St. Augustine College
- Type: Private college
- Active: 1980–2023
- Accreditation: HLC
- Academic affiliations: HACU; Private Illinois Colleges & Universities (PICU); Colleges and Universities of Anglican Communion (CUAC);
- President: Dr. Reyes González
- Faculty: 9 Full-time and 62 Part-time (Spring 2022)
- Students: 737(Spring 2022)
- Location: Chicago, Illinois, United States
- Website: www.staugustine.edu

= St. Augustine College (Illinois) =

Private university in Chicago, Illinois, US

St. Augustine College was a private college in Chicago, Illinois. It was the first bilingual institution of higher education in Illinois. It was founded on October 7, 1980, under the auspices of the Episcopal Diocese of Chicago. The founding of a college was the culmination of ten years of work by Spanish Episcopal Services and Father Carlos A. Plazas, Ph.D. On April 25, 2023, it was announced that St. Augustine would merge with Lewis University at the end of the Fall 2023 semester, maintaining its bilingual instruction legacy as St. Augustine College of Lewis University.

==Academics==

St. Augustine College was accredited by the Higher Learning Commission and offered bachelor's degrees in Business Administration, Psychology, Hospitality Management, Computer Information Systems and Social Work.
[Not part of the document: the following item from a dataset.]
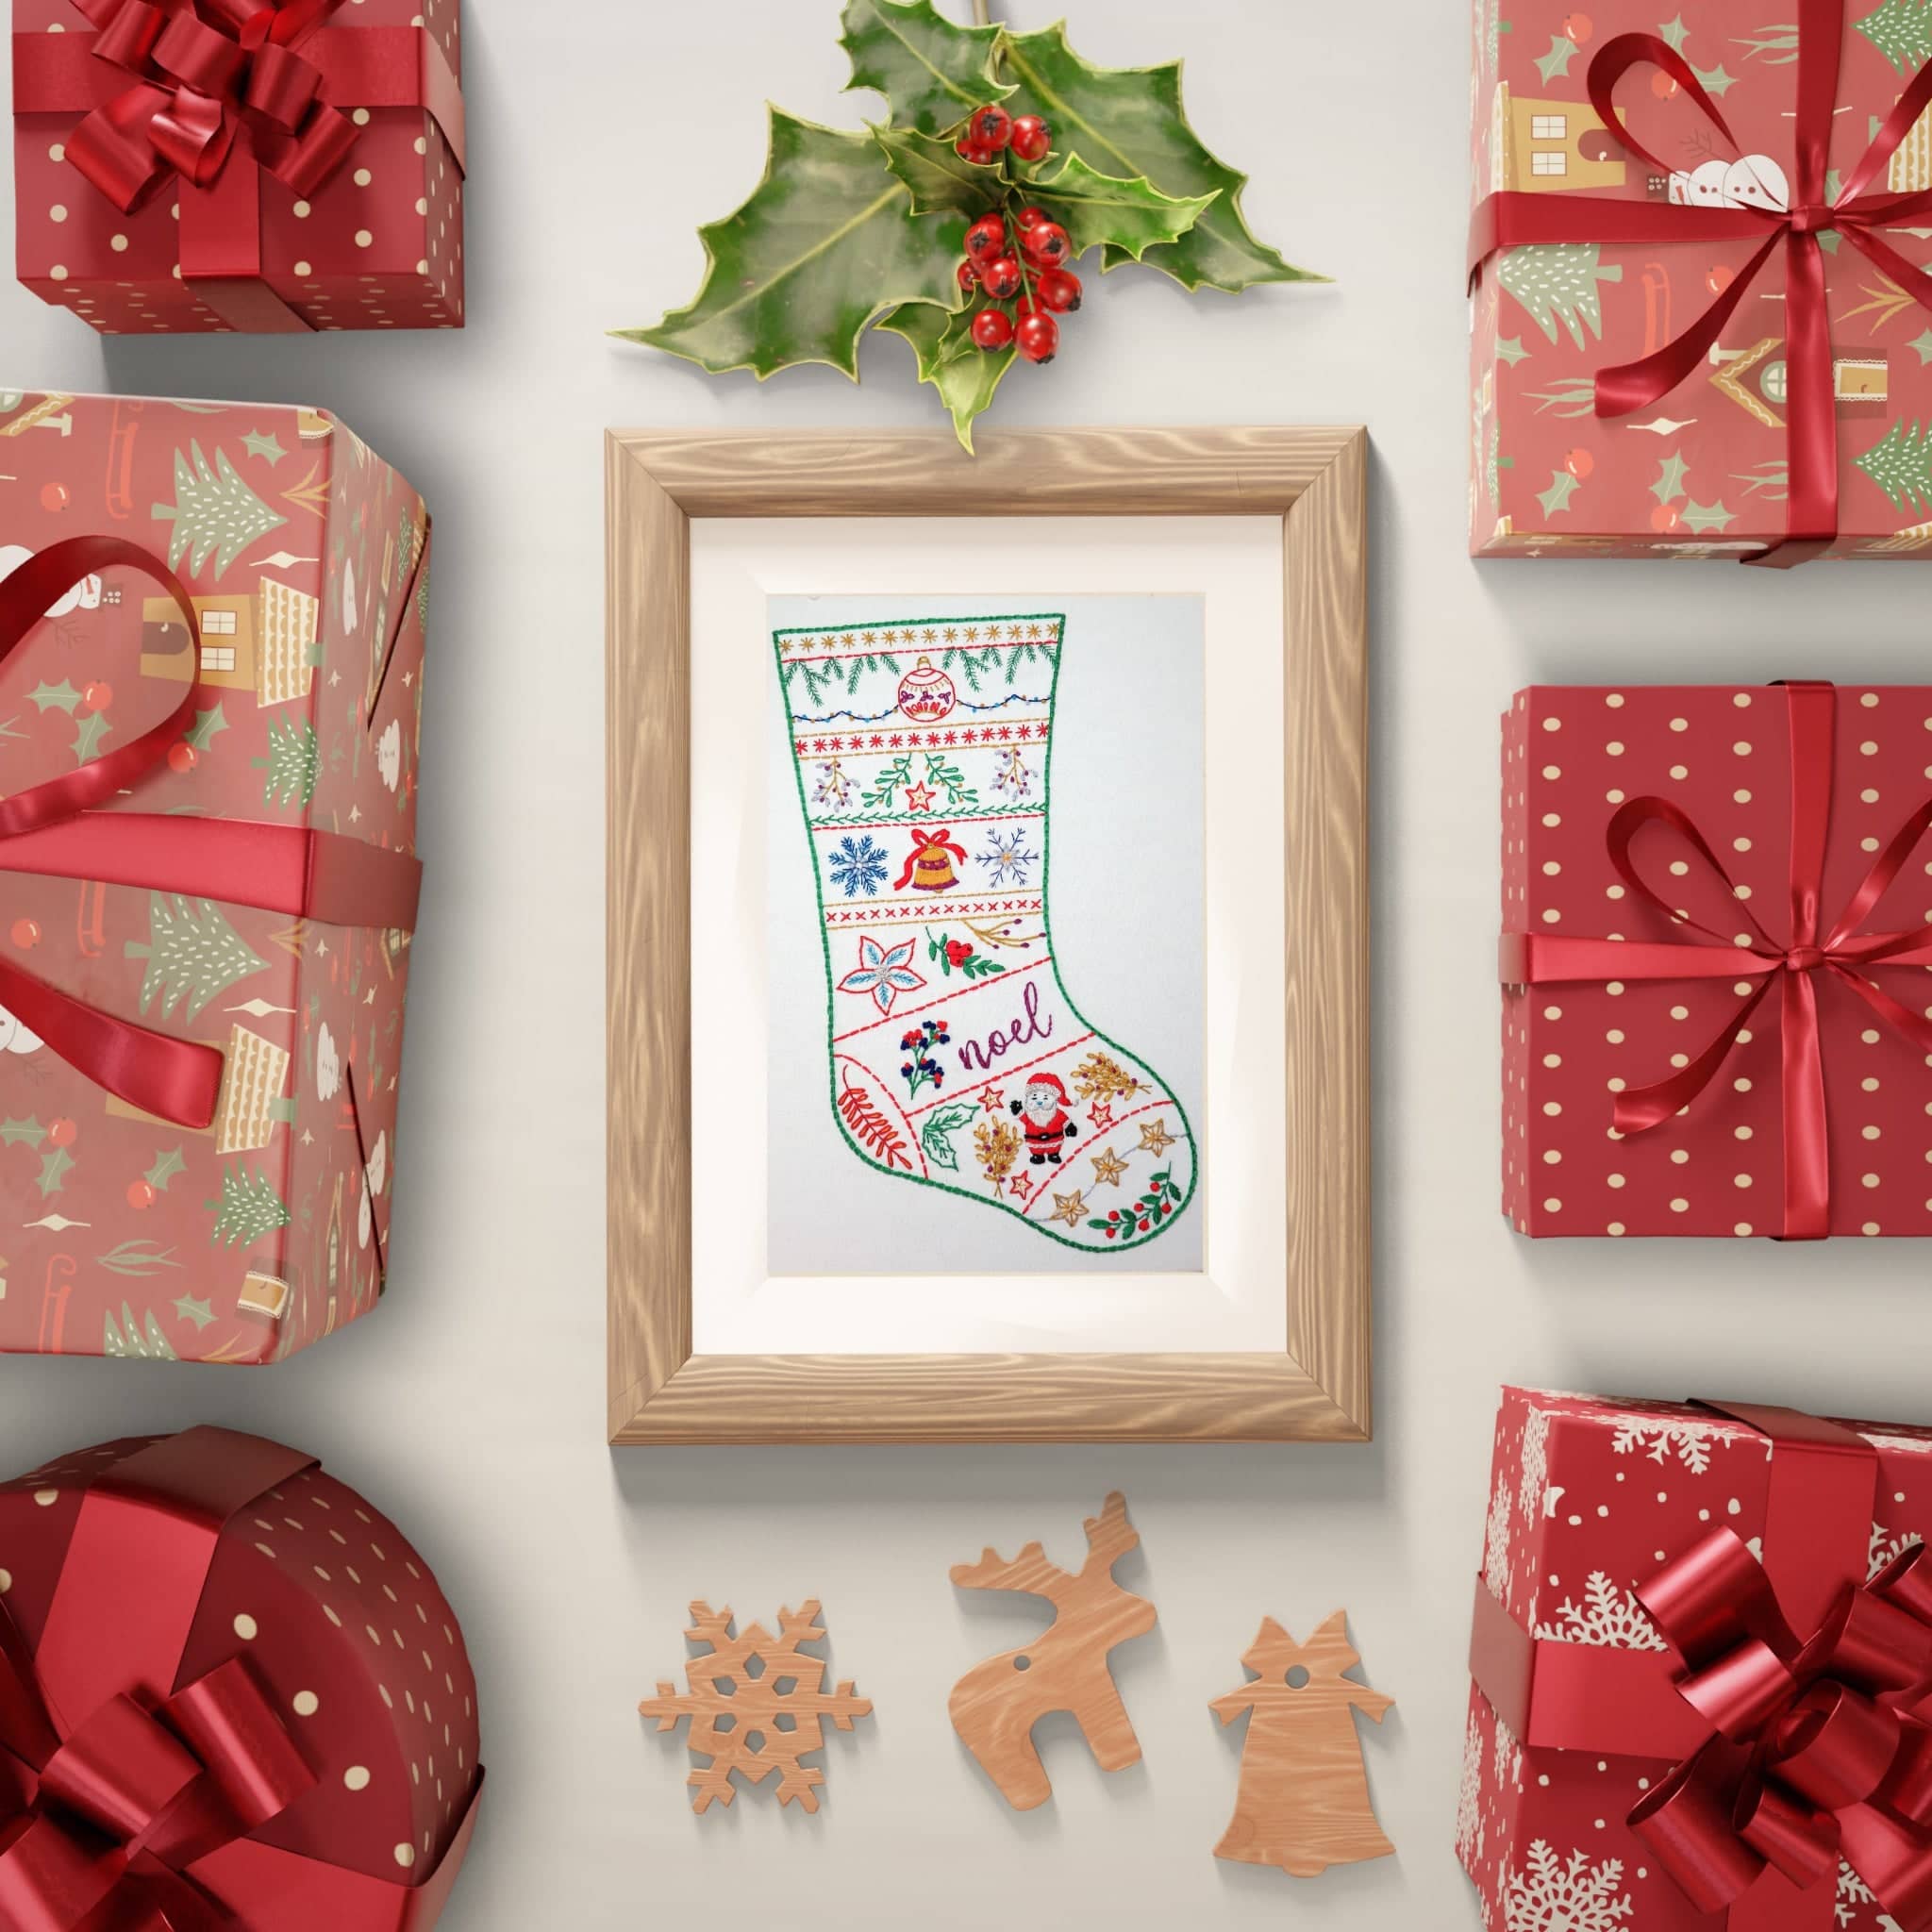 Christmas Stocking Hand Embroidery Kit , Hand Embroidery Kit , StitchDoodles , christmas, embroidery hoop kit, Embroidery Kit, embroidery kit for adults, embroidery kit fro beginners, embroidery kits for adults, embroidery kits for beginners, hand embroidery fabric, modern embroidery kits , StitchDoodles , shop.stitchdoodles.com

Associate degrees in Child Development, Interdisciplinary, Psychology
Social Service, Spanish, Computer Information Systems, Criminal Justice, Accounting, Administrative Assistant, Business Management, Computer Information Systems, Culinary Arts,
Early Childhood Education, Respiratory Therapy, and General Studies. St. Augustine College's Social Work program is accredited by the Council on Social Work Education’s Commission.

The college enrolled roughly 1,000 students at the time of its closing. St. Augustine College offered 14 degree programs at both the associates and bachelors level.
The approximate tuition rate for St. Augustine is $13,200 per academic year.